At first glance, it's innocent enough, but I can't keep playing, I'm getting too stone cold furious at how many bad habits your little Mii avatar has, how little control you truly have over him, and how many games this has costed me and being able to spot the exact mistake my Mii made that caused it.
Generally, you character only has 8 basic Table Tennis moves at his disposal: Forehand push, F-Drive, F-Chop, Backhand punch, B-Drive, and B-Chop and F and B Smashes. Calling those drives or chops though is a little generous, since your Mii doesn't make the correct hand motion to impart as much spin as he does. Forehand and backhand flicks, blocks, drops, scoops, and loops are not represented at all; and while your Mii displays good shakehand posture, apparently Pen-holder style doesn't even exist.

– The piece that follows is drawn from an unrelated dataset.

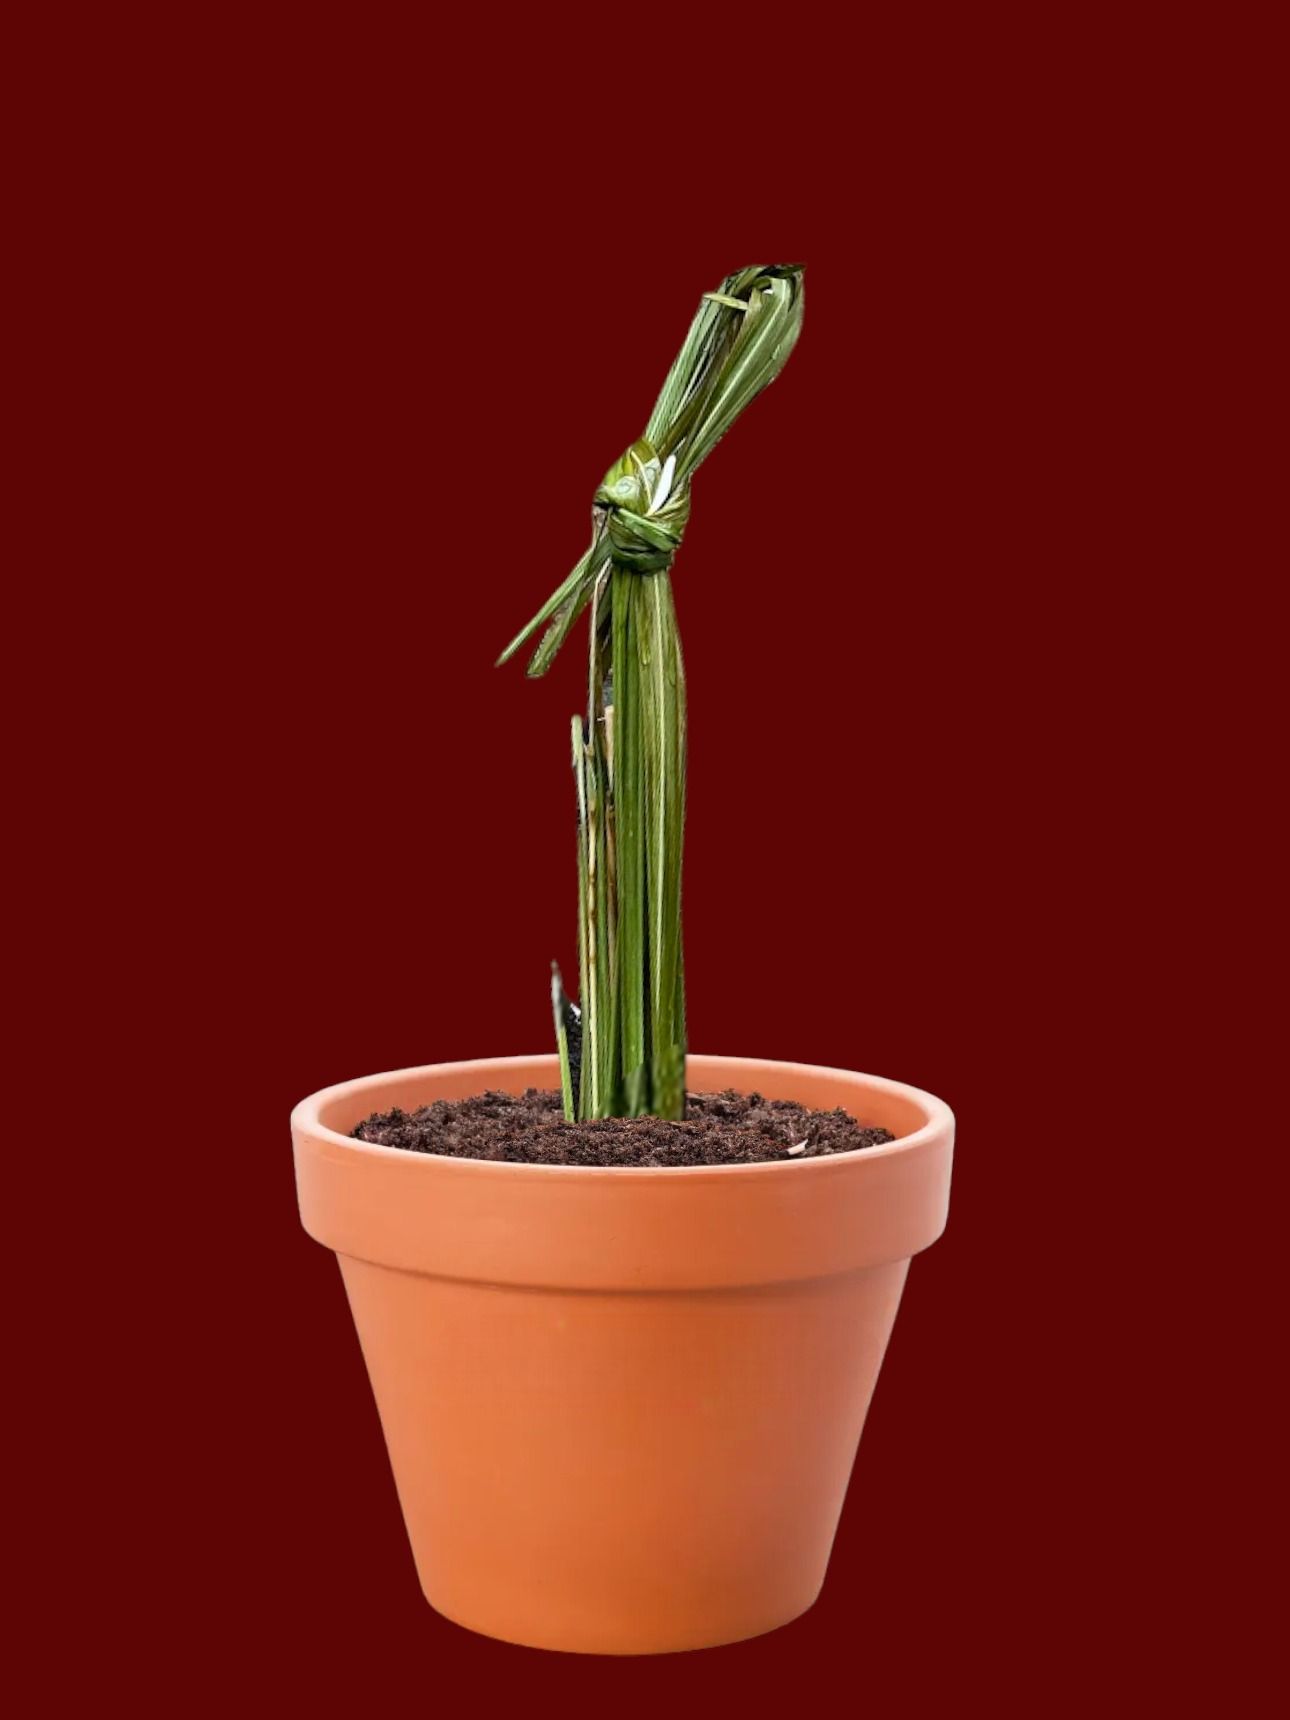 Een kleine plant in een pot met een rode achtergrond.
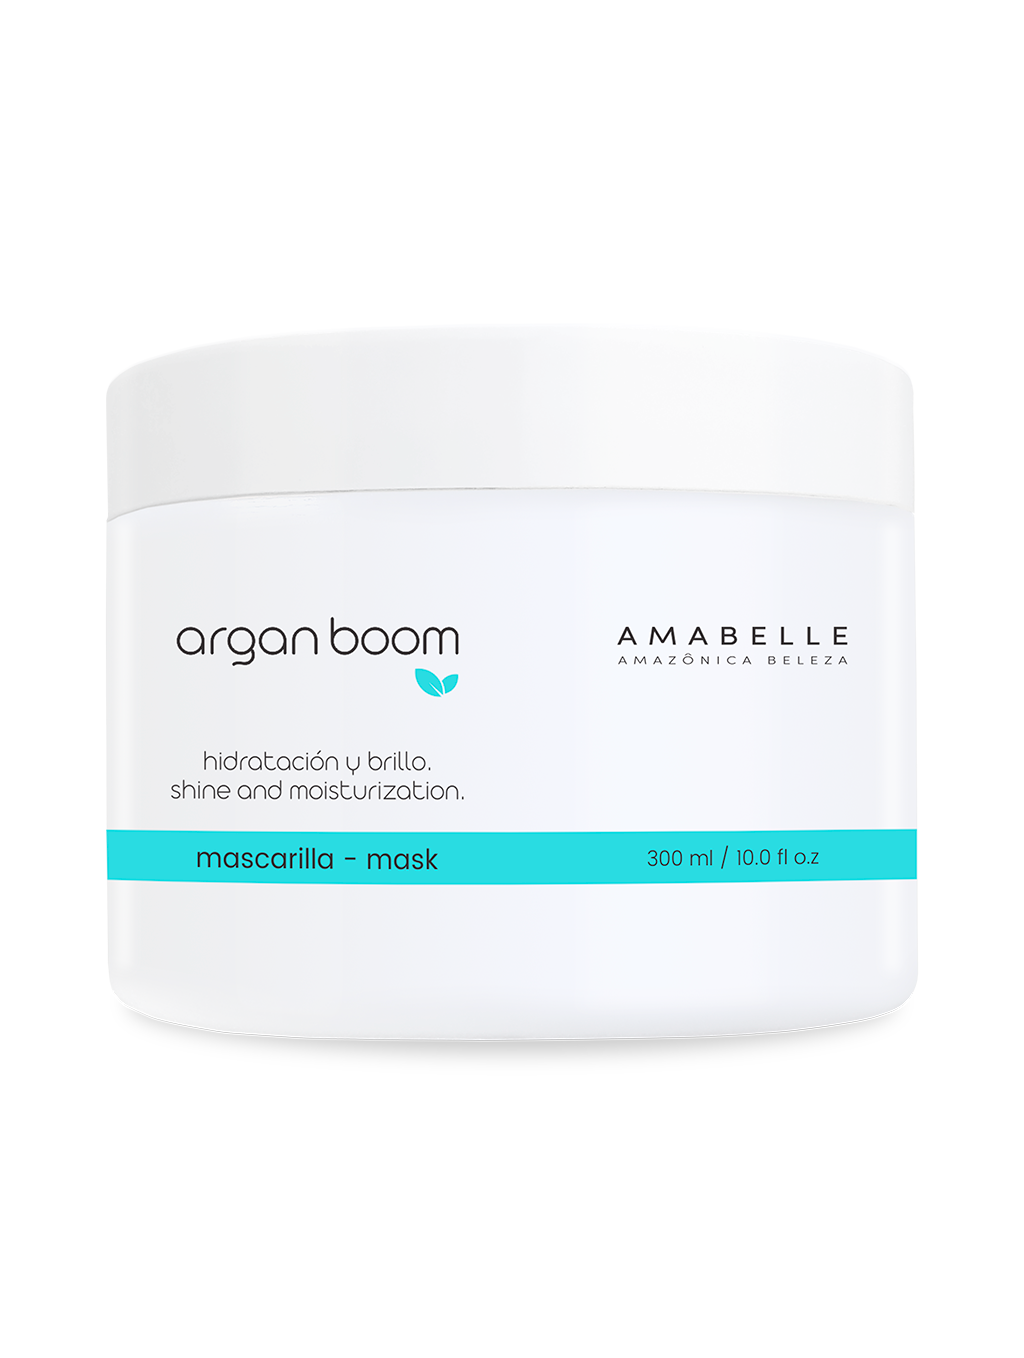 Argan Boom Mask, Hair Hydration

I will say that I was a tad disappointed in the complete lack of a formal tutorial for any of the games, and so had to look up a more detailed lowdown for the controls proper. Upon doing this however, I was disappointed to find that to do your basic drives and chops, you have to twist your hand as you hit the ball. While I can understand that this is supposed to be a similar game to Wii Tennis, I would appreciate it if the game weren't instilling such a bad idea as to how Table Tennis works. In real Table Tennis, you CAN'T twist your wrist mid-stroke, it just doesn't work. You lose all sense of paddle control and direction, and the only thing you'll accomplish is sending the ball straight up, or down into the net or table.
Then finally, your Mii is just plain lazy. While he can backpedal just fine; if you would like him to skedaddle his sorry ass from one side of the table to the other, I can tell you right it isn't going to happen anytime soon with the old man shuffle he's been programmed to use. Furthermore, when the tempo of the ball has him pushed to the far side of any part of the table, the smartest thing to do is to hurry back to neutral position in the middle, but NOPE! Gonna stay way over there and make himself easy to get tricked by an alternating side shot... and OH MY GOD if you make him exert himself just slightly too hard to hit the ball that's outside of his grandpa shuffling radius, he'll leap for it and FUBAR it completely regardless of your input stroke, sending the ball into a lofty trajectory that any moron could smash back for the point.
And yes, leaping from one side of the table to the other and still performing a clean hit is a skill that needs to be practiced at; a skill that Miis have no grasp of whatsoever.